From a population health standpoint, determining the attributable risk fraction of gout within each racial/ethnic group would inform both the theoretical fraction of incident gout cases avoided by eliminating each factor from the source population, and the relative importance among these factors. For example, we have shown recently that 22% of incident gout cases among a cohort of White men could be theoretically prevented by adherence to a DASH-style eating pattern alone.20 For the racial groups in the Thompson et al study where DASH adherence was particularly low (eg, only 11% of Native Hawaiians and 13% of Japanese in the top quintile of DASH scores, thus with more room to improve), the attributable risk fractions of gout for diet quality could be substantially larger.

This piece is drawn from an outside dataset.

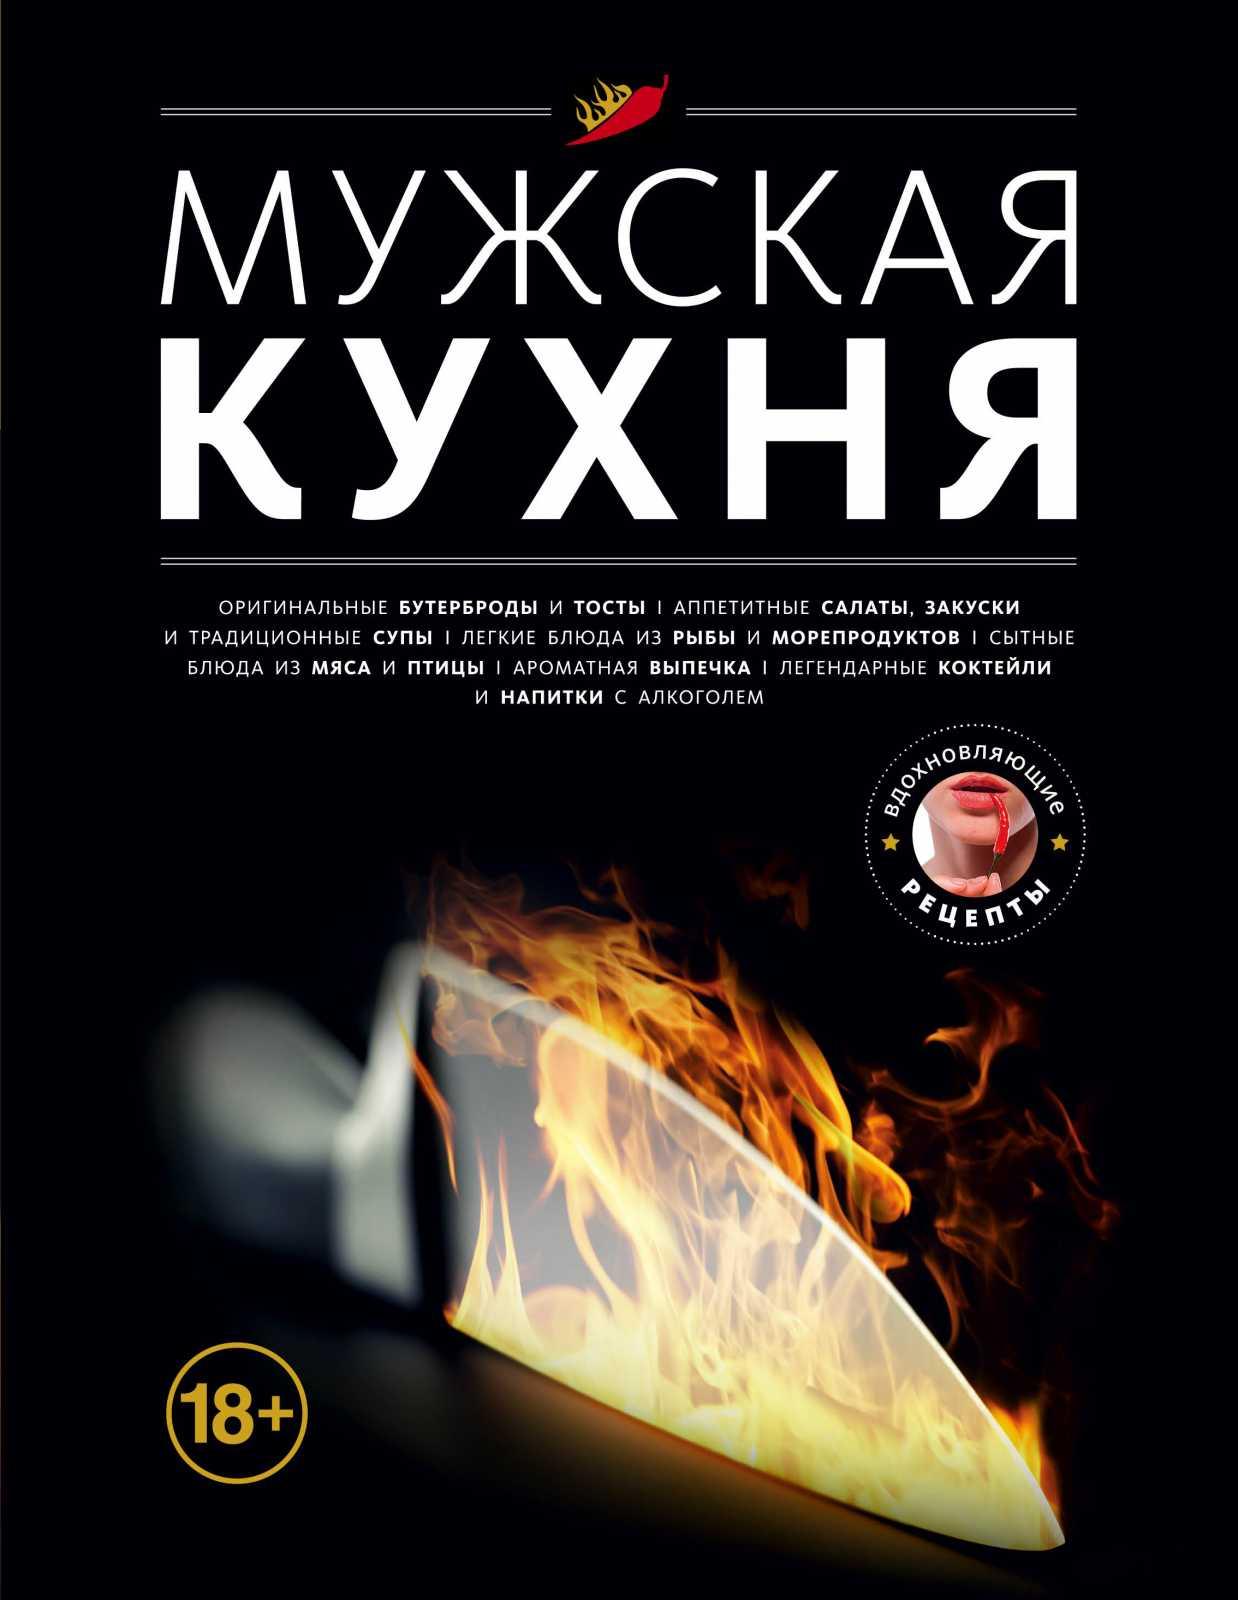 Онлайн каталог PROMENU: Книга «Мужская кухня» Books Books IS

Finally, alongside these environmental factors, there is also a strong genetic component in gout, with serum urate heritability estimates of 25–60%21 and 183 urate-associated variants identified in the latest transethnic, multicohort genome-wide association study (GWAS).21 In that study and in a prior GWAS,22 some individual variants were identified that suggested ancestry-specific effects for Japanese and other populations, although no systemic ancestry-related heterogeneity was detected. Further elucidation of the genetic architecture of gout among different minority groups and of ancestry-specific gene–environmental interactions could inform on the relative contribution of genetics and modifiable factors toward the development of gout, facilitating a more personalized approach to gout prevention. For example, racial differences were observed in a recent analysis of the interactions between dietary patterns, genetic risk scores, and risk of metabolic syndrome, a condition closely related to gout.23 Such work would build upon the gene–environmental interactions demonstrated for adiposity24 and alcohol,25 and suggested for sugar-sweetened beverage consumption,26 for gout and hyperuricemia in European ancestry populations.
The racial disparities in gout incidence described by Thompson et al14 almost certainly reflect a complex interplay of clinical and lifestyle factors and, in many circumstances, social inequities. Lifestyle modification has the potential to reduce the risk and burden of the modern gout epidemic in all races, and of related cardiometabolic conditions, but interventions must be culturally informed and tailored to the community of interest.
Footnotes
This study was supported by National Institutes of Health grants R01-AR065944 and P50-AR060772.
HKC reports research support from Ironwood and Horizon; and consulting fees from Ironwood, Selecta, Horizon, Takeda, Kowa, and Vaxart. NM declares no conflicts of interest relevant to this article.